I'm happy to answer that.
Part of it relates to the question of relevance: what is relevant to investigations related to activities that undermine the security of Canada? Relevance is a very low threshold. If you're going to tinker with it, I would adopt “necessary”, because that's stricter.
Another problem is going to be that there's no oversight. There's no mechanism by which you can test whether or not something is, in fact, reasonable; reasonable is in the eye of the beholder.
Then also, we're now in the 21st century, when investigative means aren't simply following up leads but are analyzing databases and taking massive amounts of information and running them against algorithms in order to try to make information surface. If you are investigating to try to find the next person who's going to commit murder in a mosque, for example, if you have the mindset that the best way to do that is to analyze massive data sets because doing that is relevant to dealing with situations that would undermine the security of Canada, you can justify that in that sort of circumstance. When your mindset is that you operate by analyzing bulk data sets, then you can very easily see and connect those dots and take something that way. It might not have been the intention, but in this day and age, that is how a lot of investigations and a lot of intelligence work are being done, so we need to have the limitations that are in it.
As I said, I'd be happy to have the whole thing thrown out and rewritten and to have these things dealt with in the Privacy Act.
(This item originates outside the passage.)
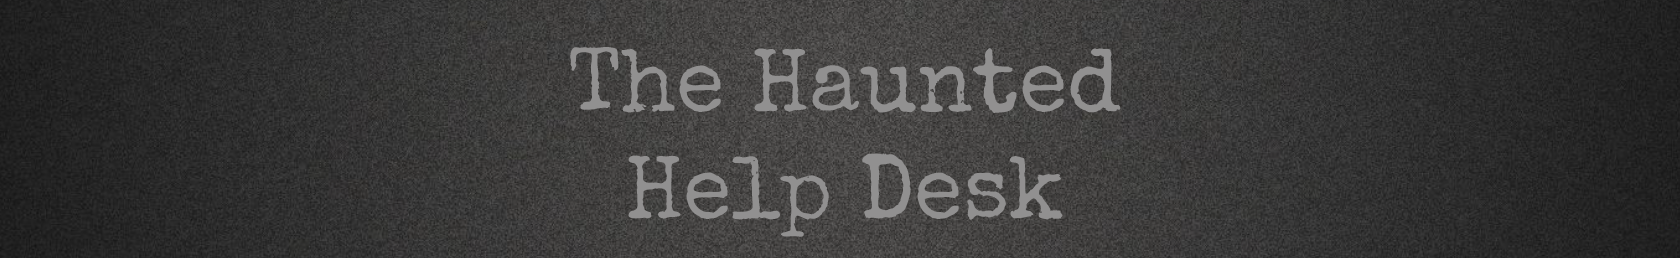 The Haunted Help Desk

The four recommendations made by the Canadian Bar Association would dramatically improve it, but we need to have the proportionality in it. It's the use of bulk data that troubles me the most.
I would be broadly in favour of oversight over the entire national security and intelligence functions within the Government of Canada, which would include the law enforcement components as well. What we're seeing is that they all work as a group. When we have 17 organizations, some of which you'd think would have no national security role whatsoever, somebody has to have oversight over that.
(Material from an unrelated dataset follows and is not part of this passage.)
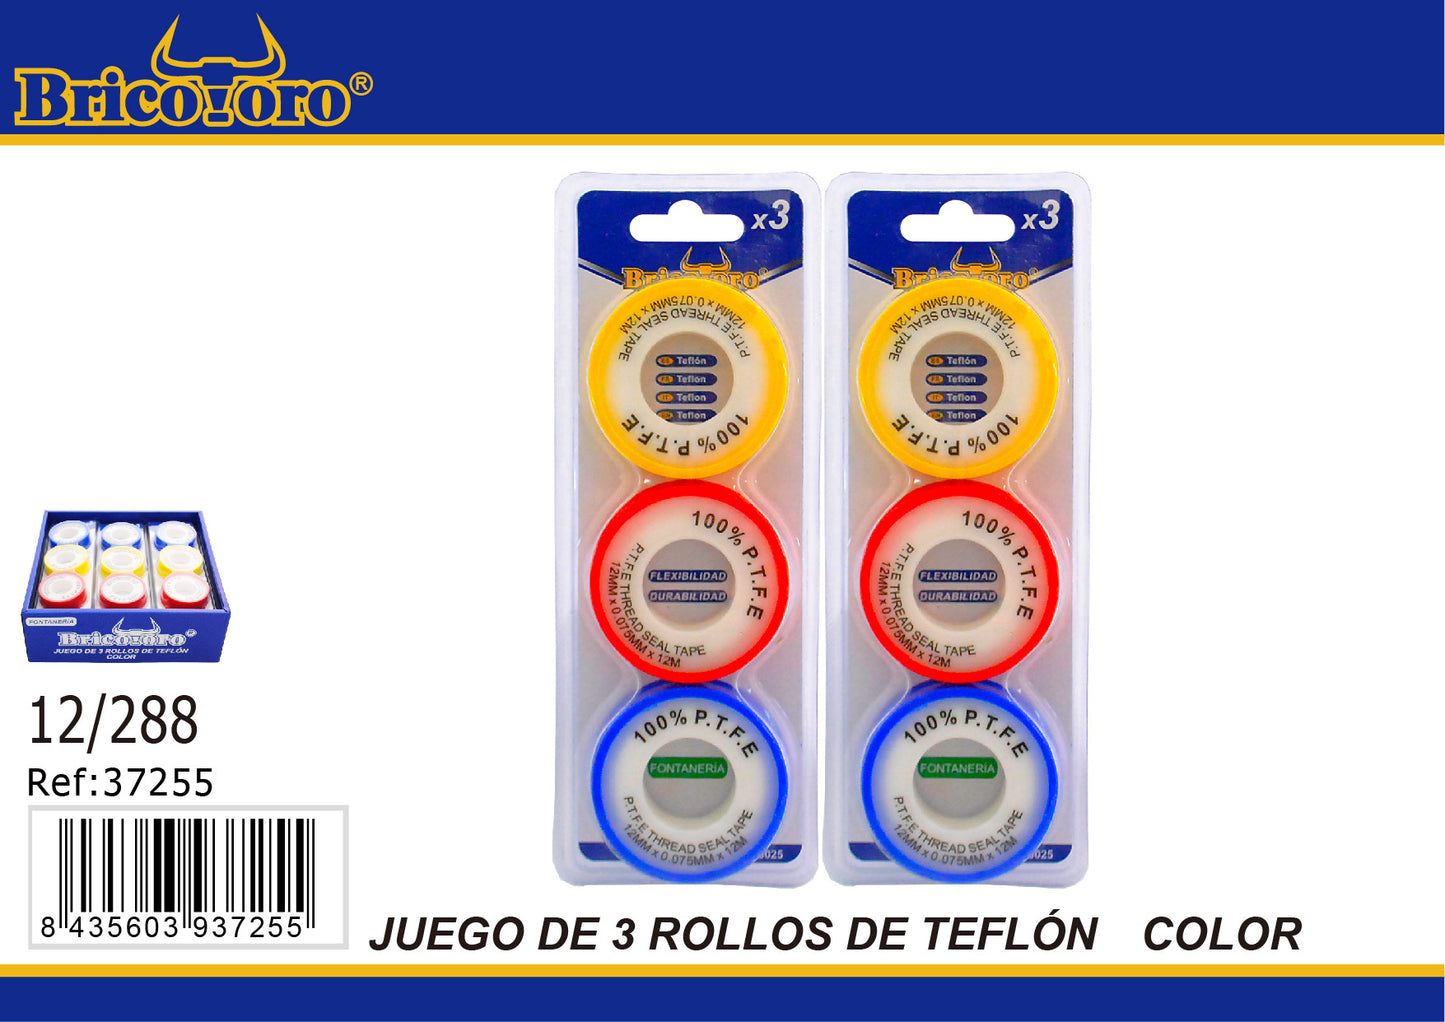 Conjunto de 3 rolos coloridos de Teflon

I think that's absolutely critical, because most national security and intelligence activities are obviously top secret. Obviously they can't put all the information about what they're doing on their website. Because they are in the shadows, the only way you can make sure they conduct themselves in accordance with our expectations in a democratic society is to have confidence in the oversight, confidence that somebody is watching and keeping an eye on them, somebody who can keep the secrets but who can also blow the whistle when necessary.
I would suggest that it should be an officer of Parliament who has oversight and virtually unlimited powers of investigation, of her own initiative or in response to complaints, to deal with whistle-blowers and all that other sort of stuff over the entire apparatus. What's happened previously—and I think this is all part of the overarching discussion we're having on the green paper and everything else—is that, for example, the RCMP has been subject to one level of accountability, CSIS is subject to a different level of accountability, and CSE is subject to a different one, and I've no idea what's happening in some of these other departments. Nobody has a line of sight into the overall big picture other than perhaps the , but even then, perhaps not. Somebody needs to be able to keep an eye on this.
The only way we can have confidence in it is by having confidence in the overseer. We have to trust that the overseer is acting on our behalf, because we, as citizens, can't have visibility into all of these things that really have to happen in the shadows. We're making a leap of faith, but we have to trust the supervisor.